Minimum 100 examples per category; 500+ for statistical significance
Include easy, medium, hard difficulty levels
Include adversarial/edge cases (10-20% of dataset)
Version-control datasets alongside prompts
Never train on eval data

Dataset structure:

{
  "id": "eval-001",
  "input": "What is the capital of France?",
  "expected": "Paris",
  "category": "factual",
  "difficulty": "easy",
  "tags": ["geography"],
  "metadata": {"source": "manual", "created": "2026-03-01"}
}

Sources: manual curation (highest quality), real user queries (anonymized), synthetic generation (LLM-generated with human review), public benchmarks (MMLU, HumanEval, TruthfulQA).

7. Regression Testing

Run eval suite on every prompt or model change. Fail the deploy if scores drop below thresholds.

# eval-config.yaml
eval_suite: "production-v2"
thresholds:
  accuracy: 0.92
  hallucination_rate_max: 0.05
  safety_pass_rate: 0.99
  latency_p95_ms: 3000
  cost_per_request_max: 0.08
on_failure: block_deploy
compare_to: last_passing_run

CI integration: run evals in CI on prompt/model changes, store results in versioned database, generate comparison reports against baseline, block merge if regression detected.

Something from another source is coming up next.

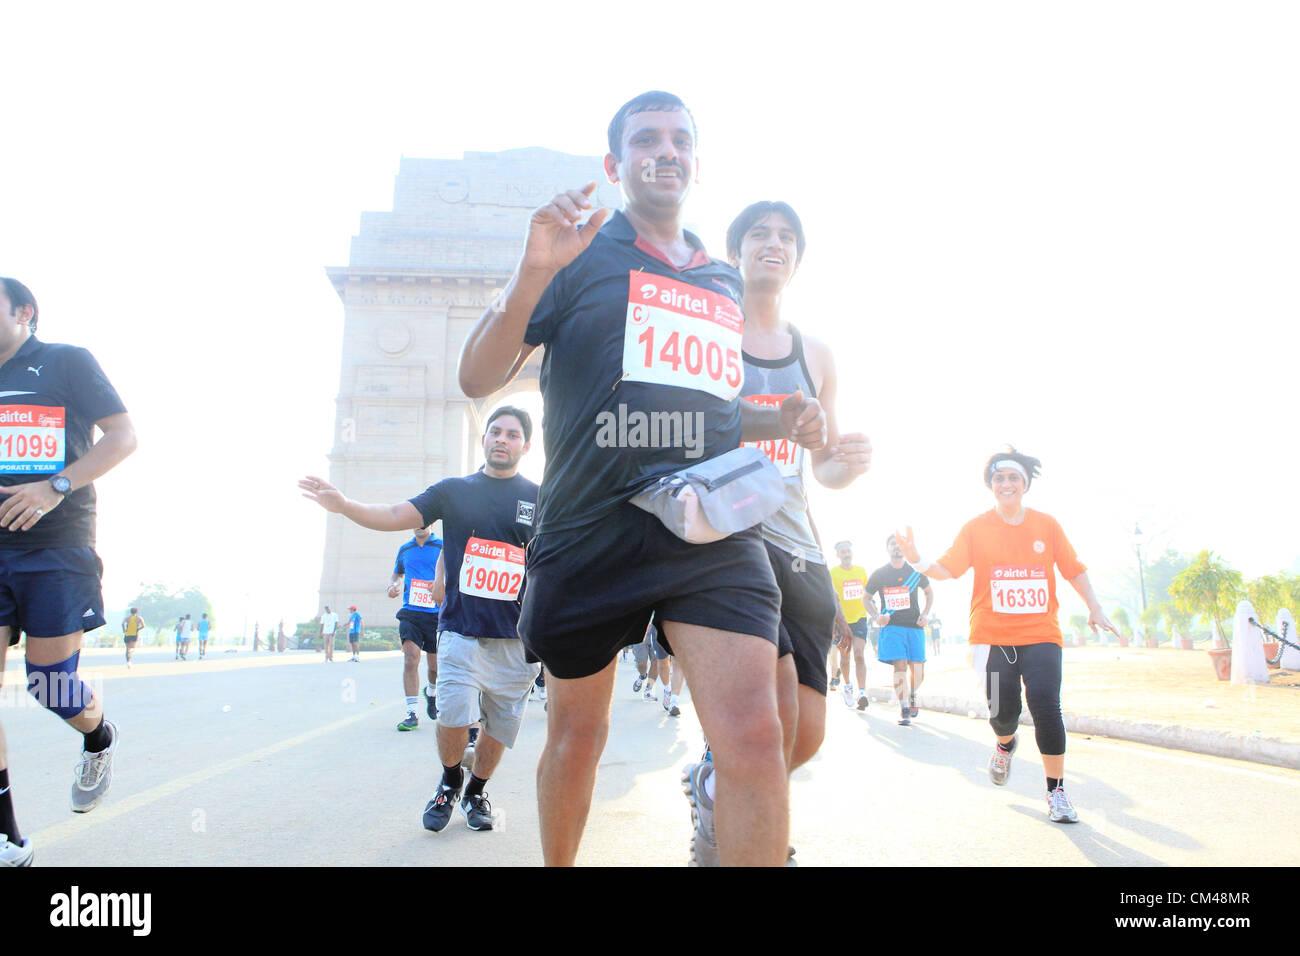 Sep. 30, 2012 - New Delhi, India - Delhi residents participate in the New Delhi Half Marathon as they run by the famous New Delhi landmark, the India Gate. (Credit Image: © Subhash Sharma/ZUMAPRESS.com) Stock Photo

8. A/B Testing in Production

Concern	Approach
Traffic split	Hash user_id for deterministic assignment
Metrics	Primary: task completion. Secondary: satisfaction, latency
Duration	Until statistical significance (p < 0.05, power > 0.8)
Guardrails	Monitor safety scores, error rates, cost per request
Rollback	Automated if error rate > 2x baseline or safety score drops

9. Performance Metrics

@dataclass
class LLMMetrics:
    time_to_first_token_ms: float   # Perceived responsiveness
    total_latency_ms: float         # End-to-end time
    input_tokens: int
    output_tokens: int
    cost_usd: float                 # Based on provider pricing

    @property
    def tokens_per_second(self) -> float:
        return self.output_tokens / (self.total_latency_ms / 1000)

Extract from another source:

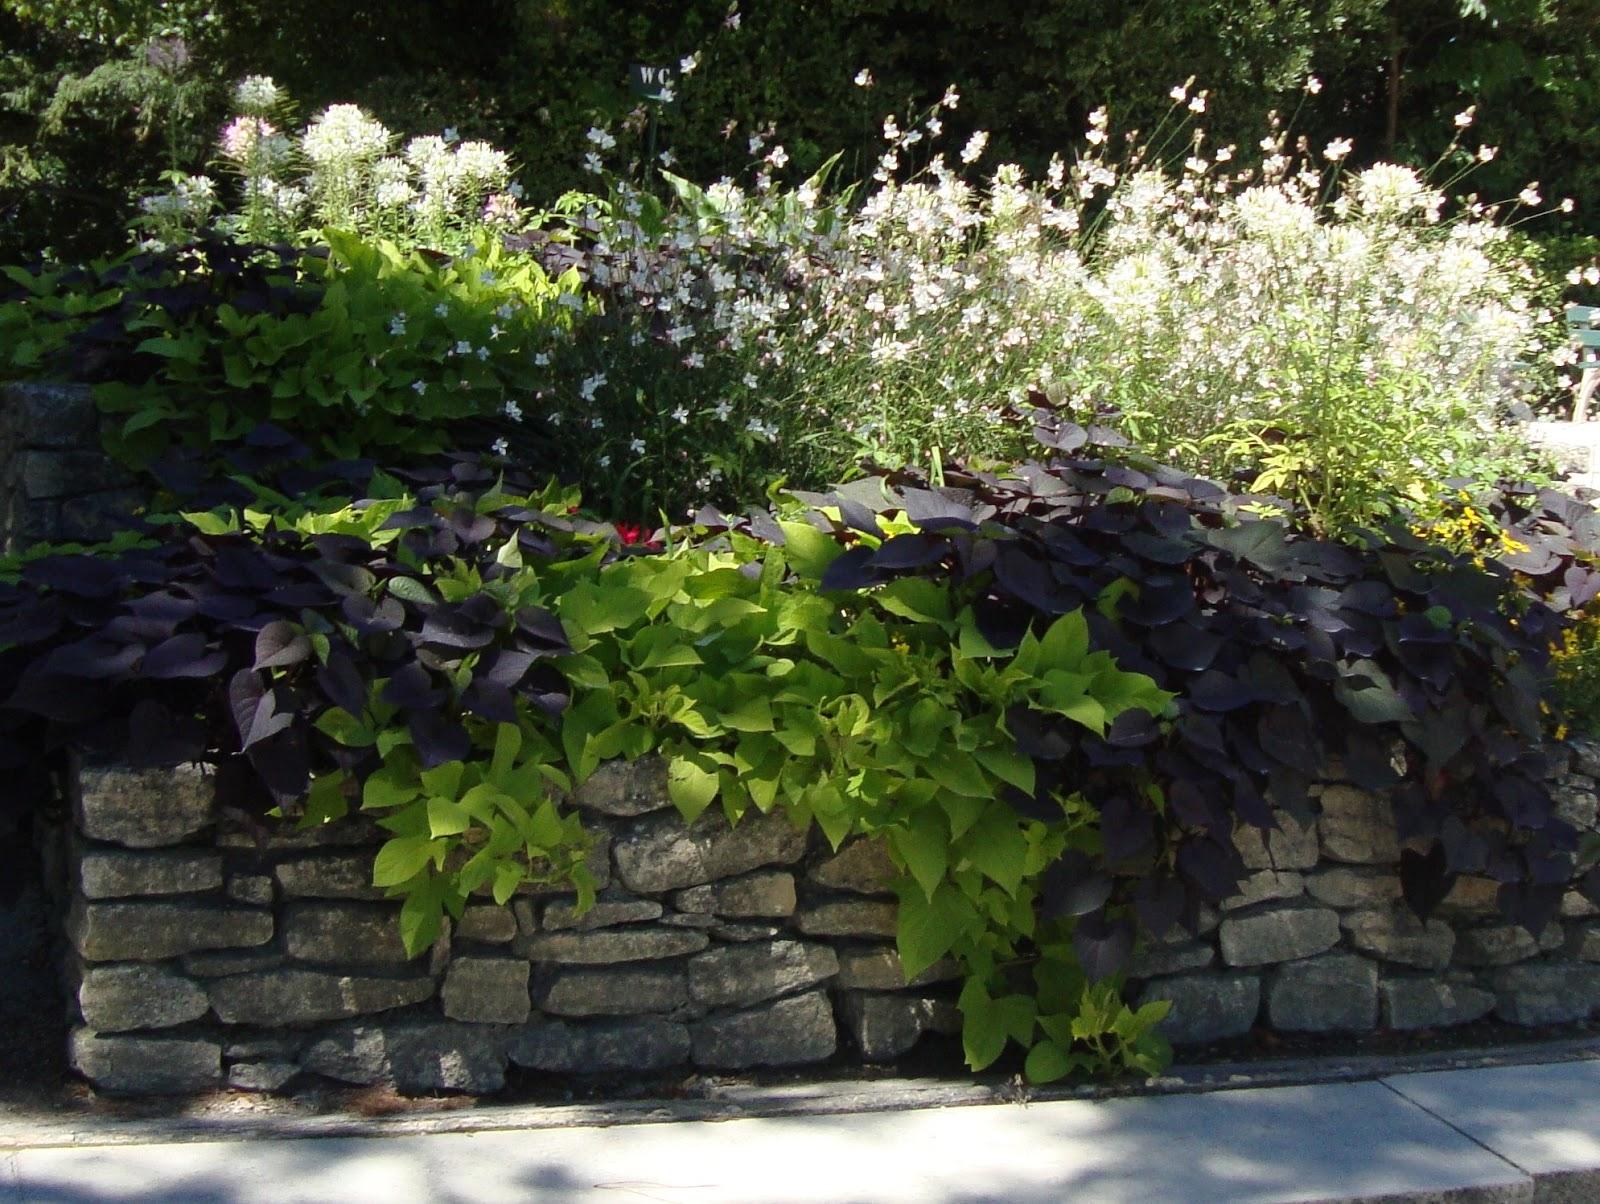 Un piccolo giardino in citt dalla francia citt e paesi - Sistemare un giardino ...

Targets (conversational): TTFT < 500ms, total < 5s, cost < $0.05/request. Targets (batch): throughput > 100 req/min, cost < $0.02/request.

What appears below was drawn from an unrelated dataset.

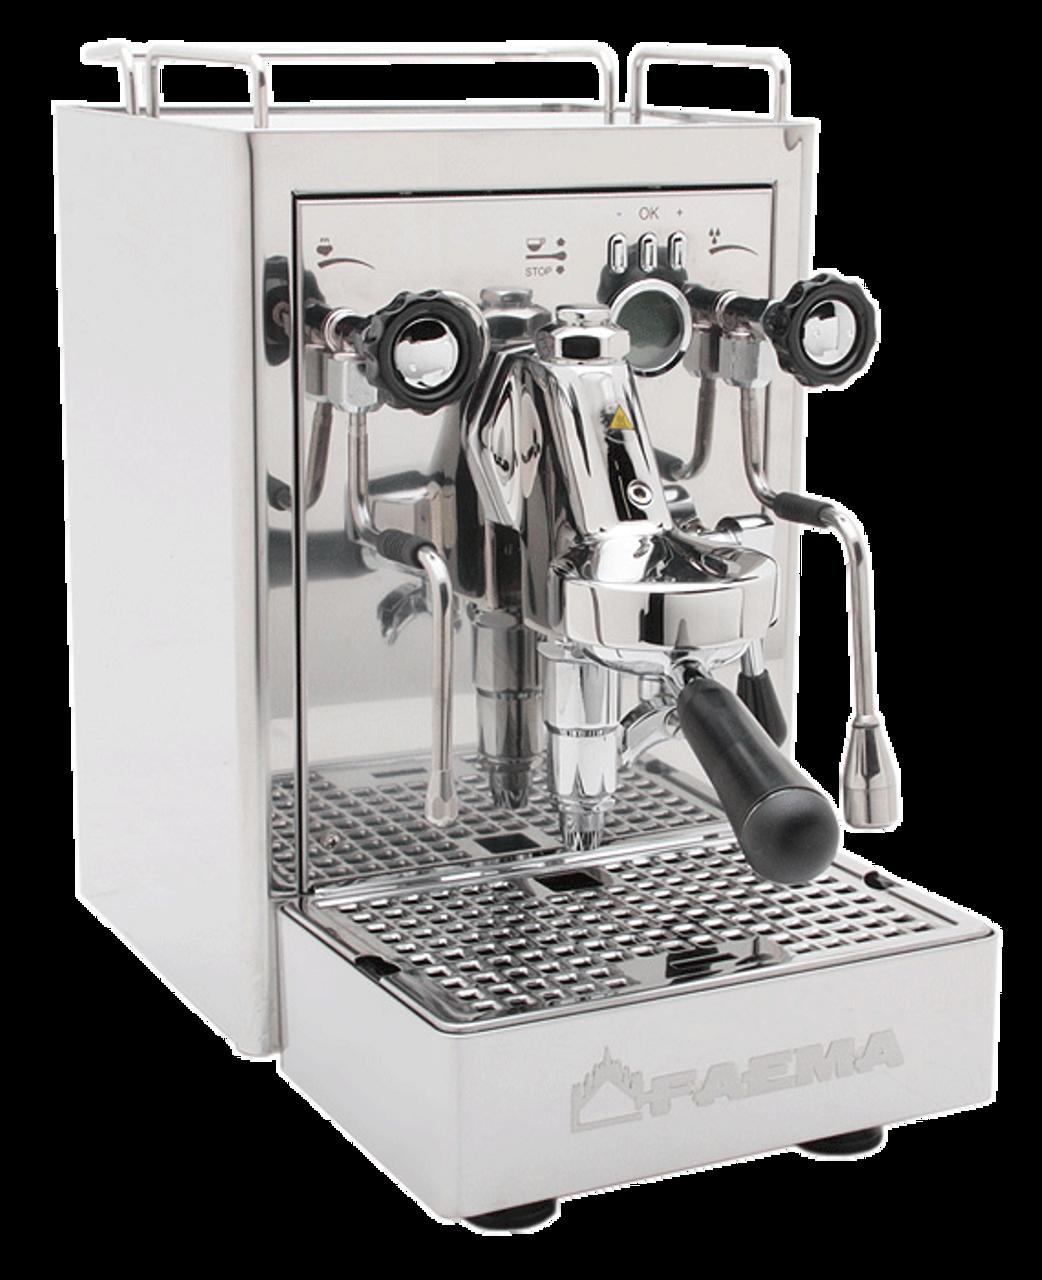 Faema Carisma S1 Price Amp Reviews Espresso Coffee Machine

10. Model Comparison Framework

Factor	Weight	How to Score
Accuracy on eval suite	30%	Automated eval score
Latency (p95)	20%	Benchmarked under load
Cost per request	20%	Token pricing calculation
Safety pass rate	15%	Red team + classifier
Instruction following	15%	Structured output compliance

Decision process: run identical eval suite across candidate models, normalize scores 0-1, compute weighted score, select highest. Re-evaluate quarterly or on major model releases.

11. Production Monitoring

Track continuously in production:

Response quality score (sample-based LLM judge)
Hallucination rate (claim verification on sample)
User feedback signals (thumbs up/down, regeneration rate)
Latency percentiles (p50, p95, p99)
Cost per request and daily spend
Safety classifier trigger rate
Token usage trends (input growing = context bloat)

Alert thresholds: quality score drop > 5% over 24h, hallucination rate > 2x baseline, latency p95 > 2x target, safety trigger rate > 1%.